Material provided:
= = =

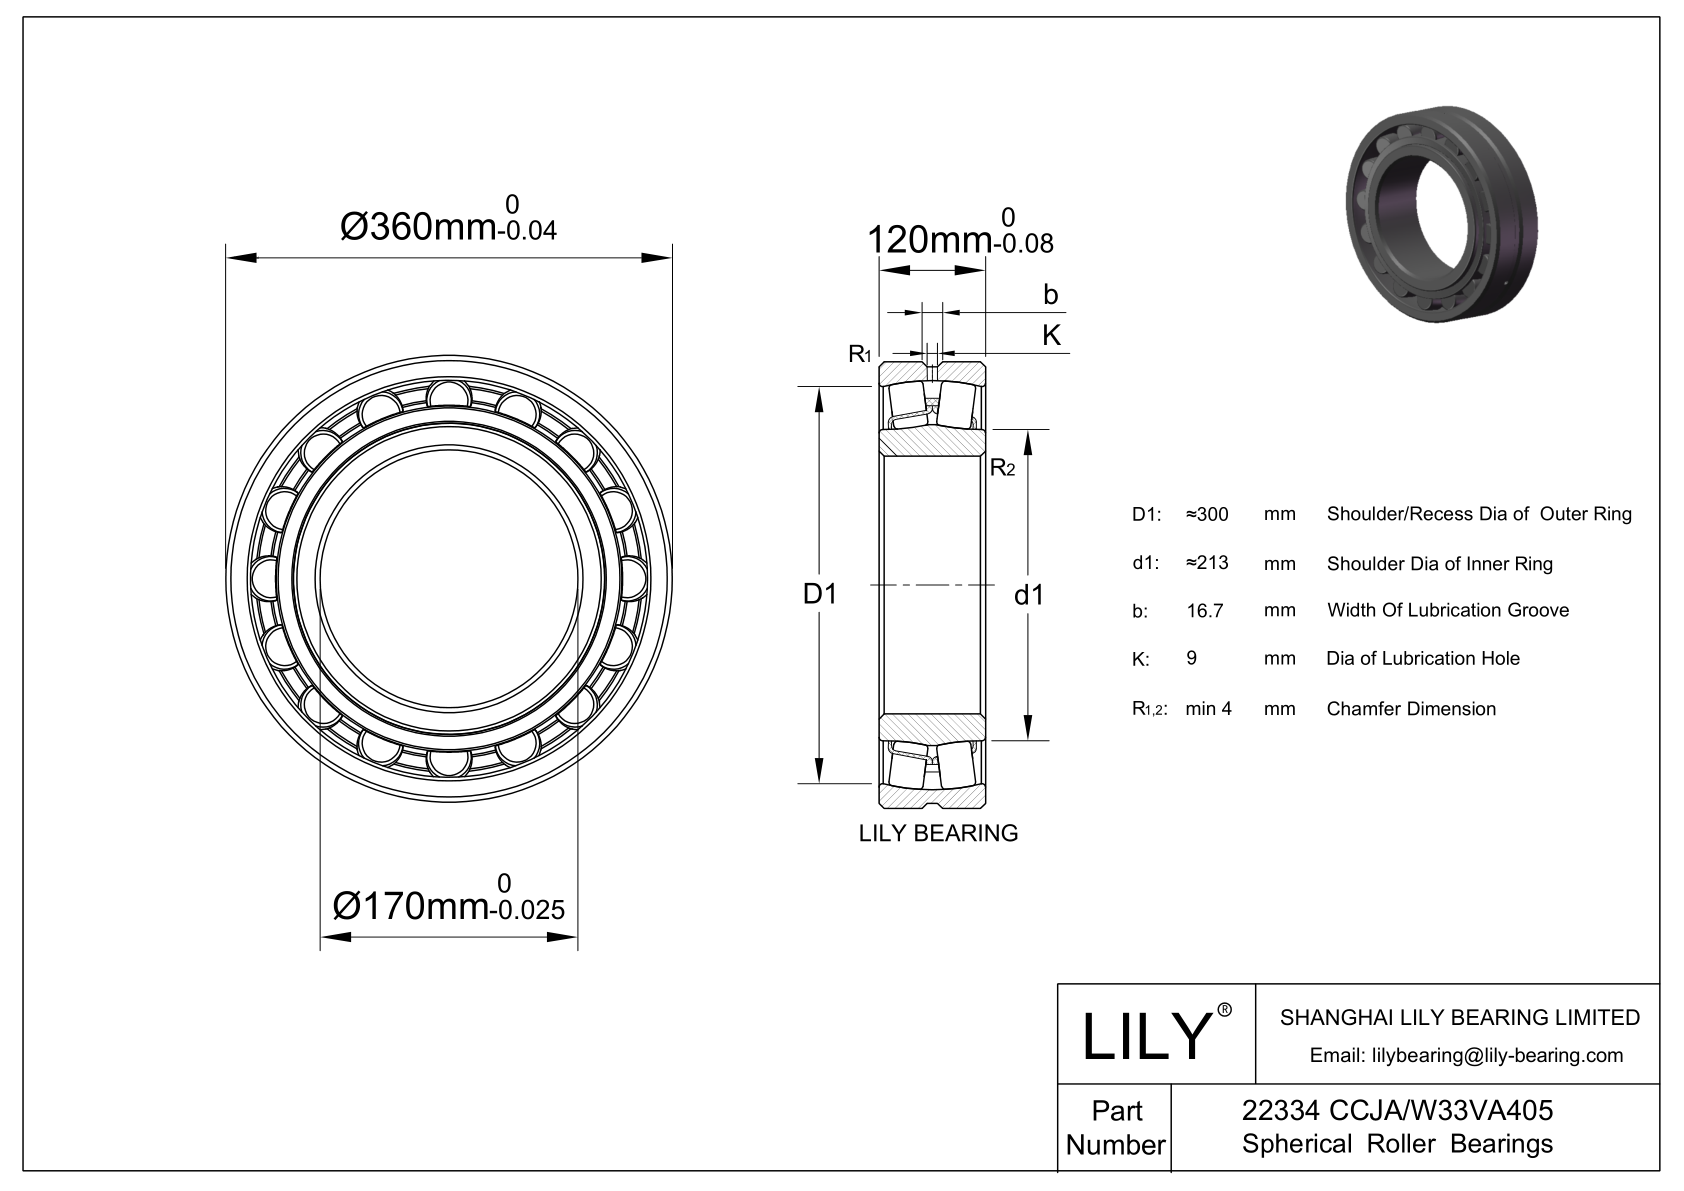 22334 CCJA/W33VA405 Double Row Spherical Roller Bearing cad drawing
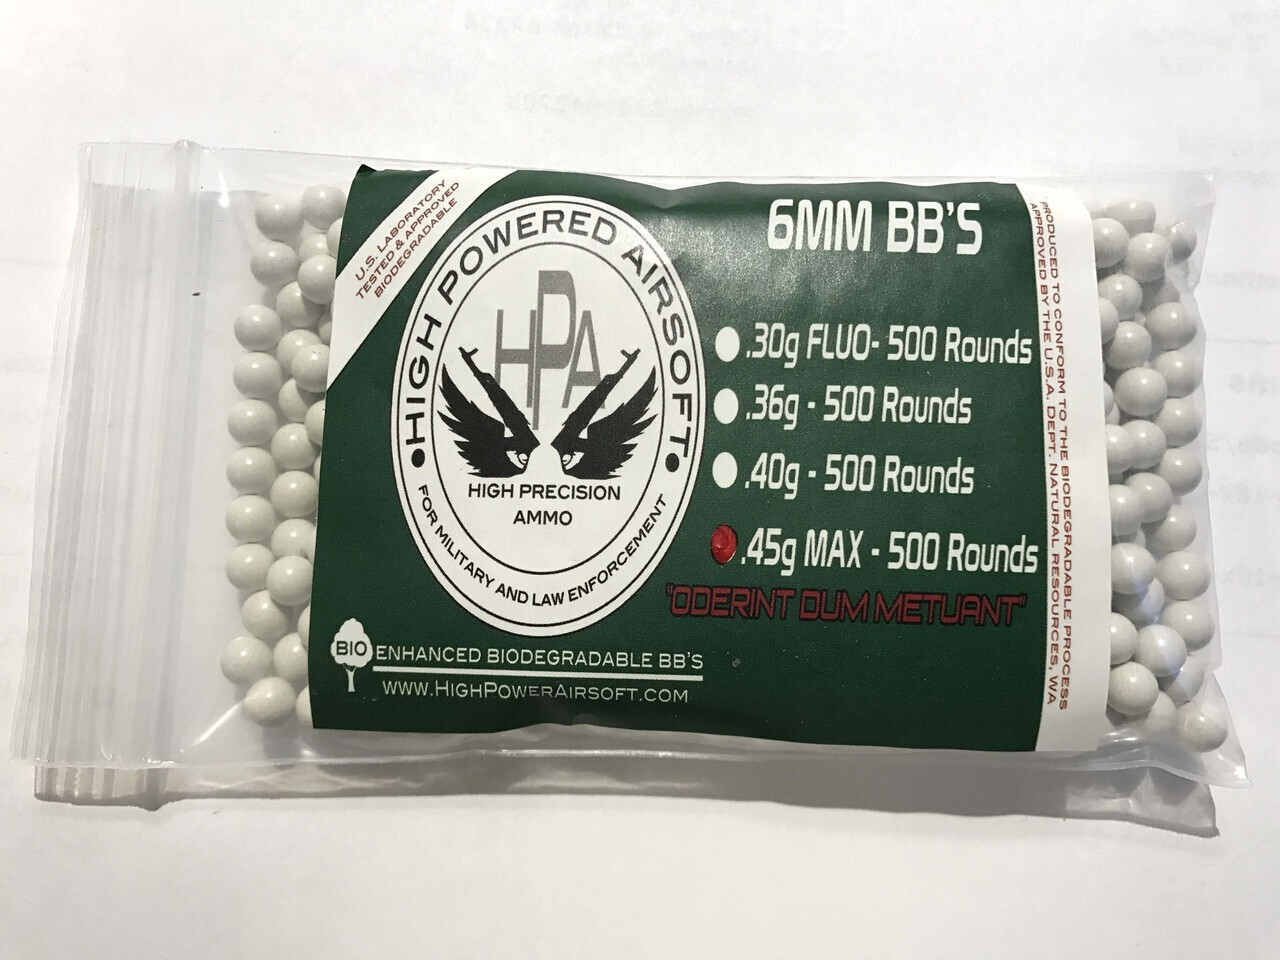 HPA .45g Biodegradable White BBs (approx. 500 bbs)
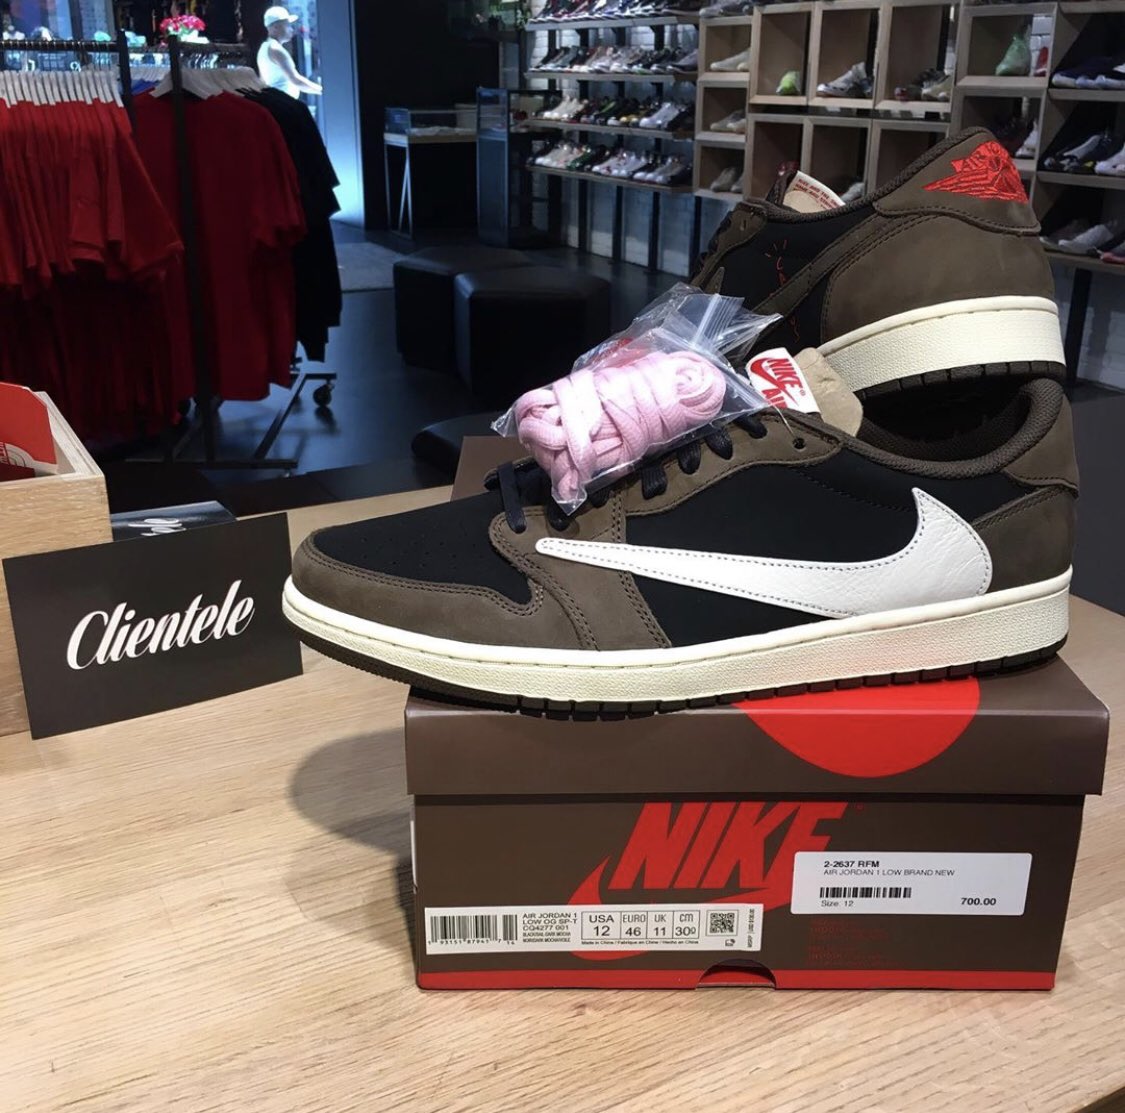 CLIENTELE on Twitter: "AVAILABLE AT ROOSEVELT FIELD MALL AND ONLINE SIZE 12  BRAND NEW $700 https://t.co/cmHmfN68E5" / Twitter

= = =

Work to be completed:
Transcribe the full listing above exactly as it stands, minus the pictures.

Task answer:
 22334 CCJA/W33VA405 Double Row Spherical Roller Bearing cad drawing
 HPA .45g Biodegradable White BBs (approx. 500 bbs)
 CLIENTELE on Twitter: "AVAILABLE AT ROOSEVELT FIELD MALL AND ONLINE SIZE 12  BRAND NEW $700 https://t.co/cmHmfN68E5" / Twitter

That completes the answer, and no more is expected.